Deep Learning @ UGA

Thrillington: lessons learned from replicating a recurrent model of visual attention

Neural networks for computer vision process an entire image in parallel, but humans and many other animals fixate on a series of points in a scene as they scan it for information. This act of actively sampling the visual environment is called “overt attention”, and it has inspired several threads of artificial intelligence research. One example can be found in the paper Recurrent Models of Visual Attention (RAM) by Mnih et al. from 2014 (https://papers.nips.cc/paper/5542-recurrent-models-of-visual-attention). The RAM model is a recurrent network trained in part with reinforcement learning to integrate a series of small “glimpses” that it uses to classify images. In this talk I will discuss my results from implementing this model (https://github.com/NickleDave/thrillington). I will begin with a brief introduction to the stochastic units used in the RAM model and how they can be trained with the REINFORCE algorithm. Along the way I’ll point out issues with some extant publicly-available implementations and some “tricks of the trade” for training reinforcement learning agents. Then I will provide an analysis of the “behavior” of this model and how that behavior depends on its hyperparameters. Lastly I’ll talk about work in progress benchmarking this model and others (https://github.com/NickleDave/aver) with a visual search task (https://github.com/NickleDave/searchstims).

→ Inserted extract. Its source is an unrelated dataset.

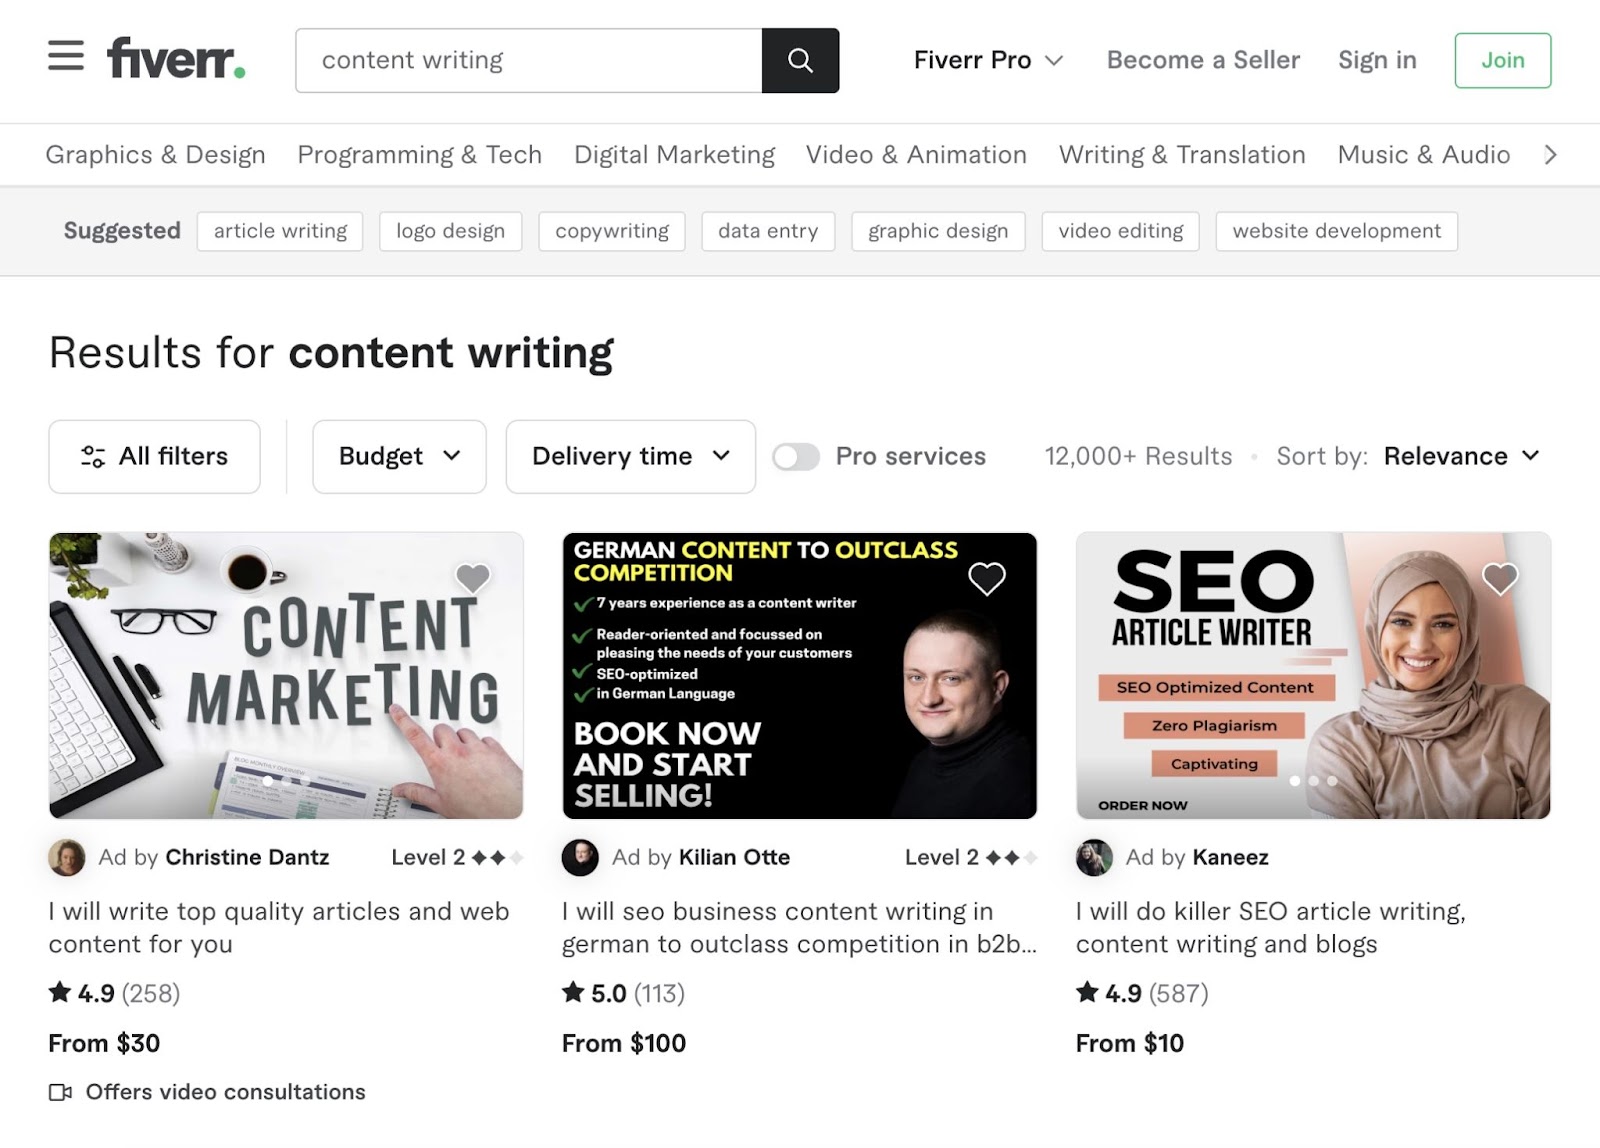 Results for content writing on Fiverr's website

A comparative study of neural network architectures for segmentation: finding syllables in birdsong

Vocalizations such as speech can be segmented into units like words or phonemes. Neural networks for speech to text typically avoid segmenting into units of time, instead mapping directly from the input features to a sequence of text. Neglecting the segmentation problem allows these networks to achieve high accuracy. However there are many cases where it is desirable to find segments, such as diagnosis of speech disorders.

Another case where it is desirable to find segments is in birdsong. Songbirds learn their songs as juveniles from adult tutors, much like a baby learns to talk from its parents. Many neuroscientists study songbirds to understand how brains learn and produce speech and similar motor skills like playing the piano. However the field has been held back by the inability to fully automate the process of segmenting song into its elements, often called syllables, and then label those syllables. Because of this bottleneck, often only a small portion of the thousands of songs collected in a behavioral experiment can be analyzed.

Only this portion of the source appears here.